Black Sea Ethno Rock


Walking around the back streets of Beyoglu last week, we heard the sounds of wild fiddle and bagpipe, turned a corner, and found a street full of people dancing to the music of Entu Dagakerr, a group of Istanbul musicians from the Laz ethnic group of the eastern Black Sea region (between Rize and Artvin.) Those of you who know my more peculiar musical tastes know that I have - since the age of 17 - been an absolute sucker for the sounds of the kemençe (black sea bottle fiddle). Popular in the eastern Black Sea region, the kemençe is possibly Byzantium's funkiest surviving holdover. A three stringed fiddle held vertically, it plays extremely fast, highly ornamented dance music in asymetrical rythyms. It is also played by the Pontic Greeks who were deported en masse to Greece in 1923: some of the best Black sea music is actually produced in Thessaloniki. To the uninitiated ear, it produces some of the most annoying music ever experienced, which of course, has led to the sounds of kemençe being adopted by Turkish footbal powerhouse team Trabzon: love our football team, love our hyperkinetic fiddle music.
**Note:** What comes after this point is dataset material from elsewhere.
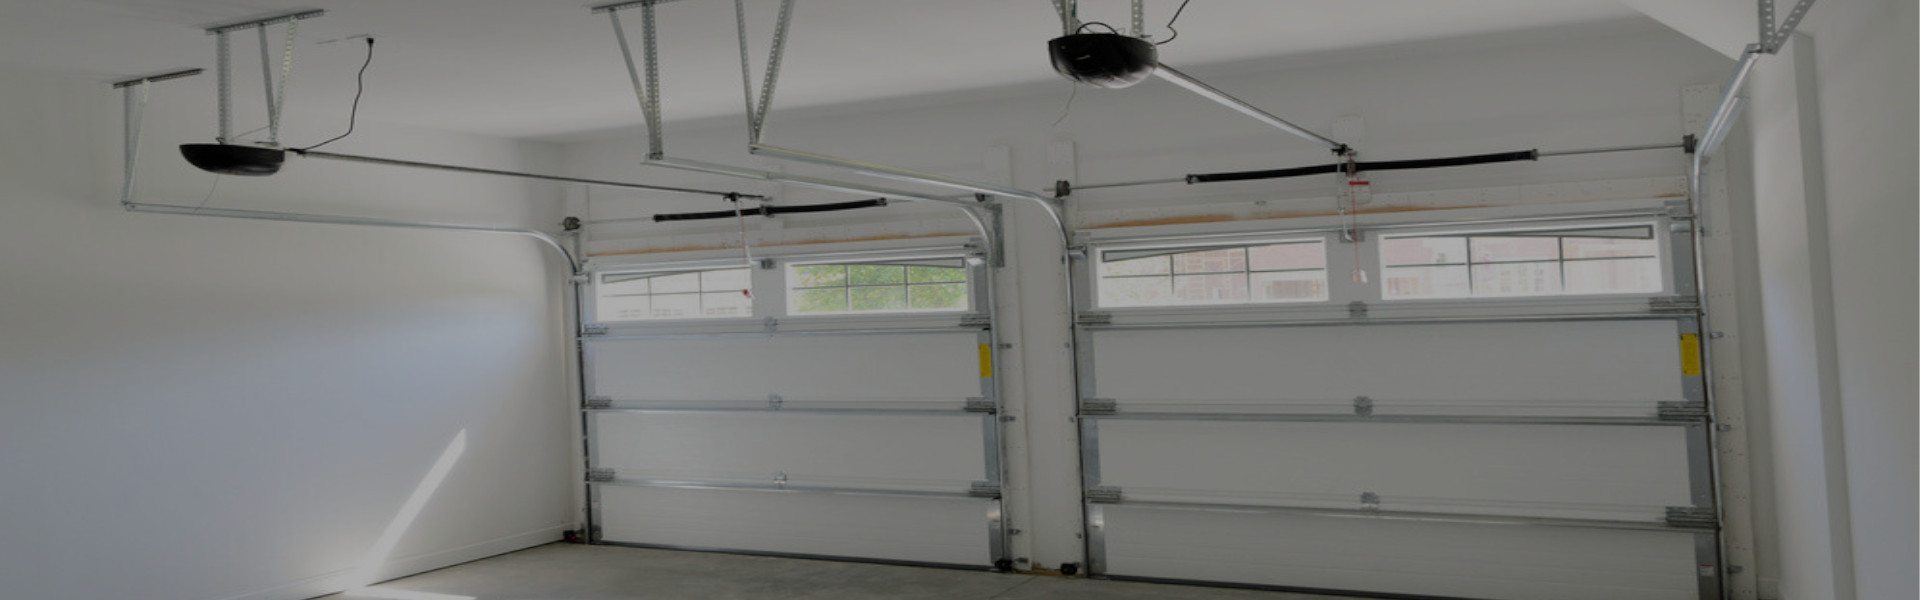 Slider Garage Door Repair, Glaziers in Thamesmead, SE28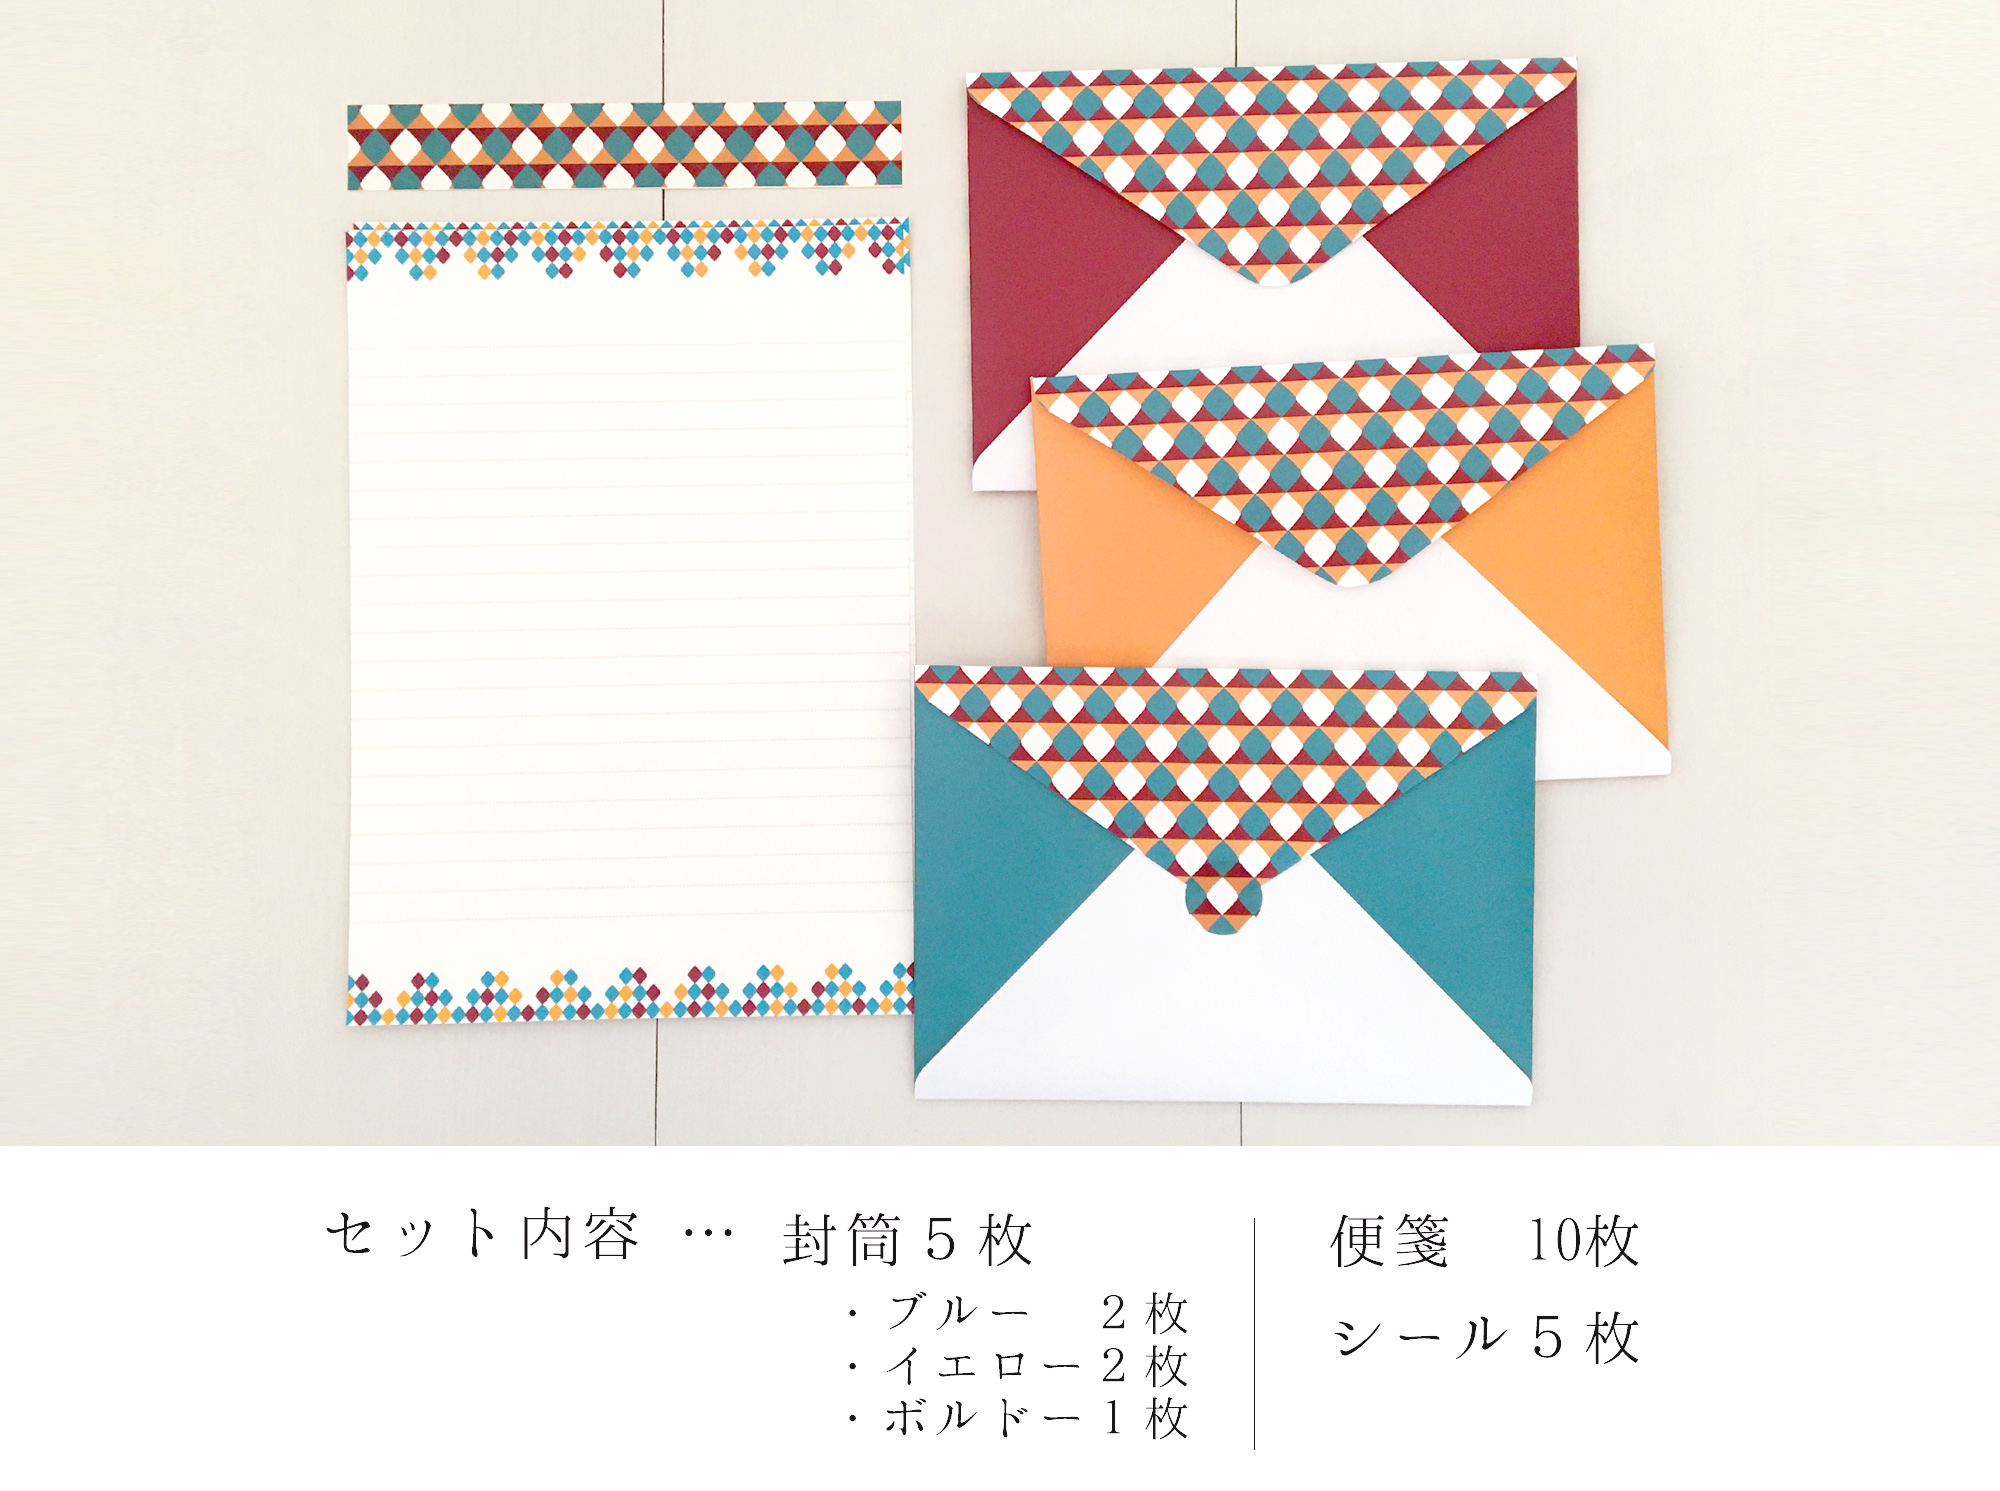 幾何学模様のレターセット シール付き 3色の封筒を楽しめる おしゃれな大人のお手紙 北欧 レトロ Iichi ハンドメイド クラフト作品 手仕事品の通販

These guys were absolutely the best live music I have heard in Istanbul yet. We followed the band to their next gig, at the Sokak Bar on Mis Sokak. The place was packed with folks from the Black Sea region, and as soon as the band kicked in, the whole house started singing along and dancing. The Black sea style of dancing involves a lot of line dances with vigorous shoulder shaking, hence the name "the hamşi dance" after the movements of the Black Sea anchovy (Turkish: hamşi.)



Of course, it wouldn't be a real hamşi dance without inviting the visiting Queen of Little Oily Fish to join in. (Note: The following image complies with federal rules concerning the publication of only "cute" photographs of Fumie at all times.)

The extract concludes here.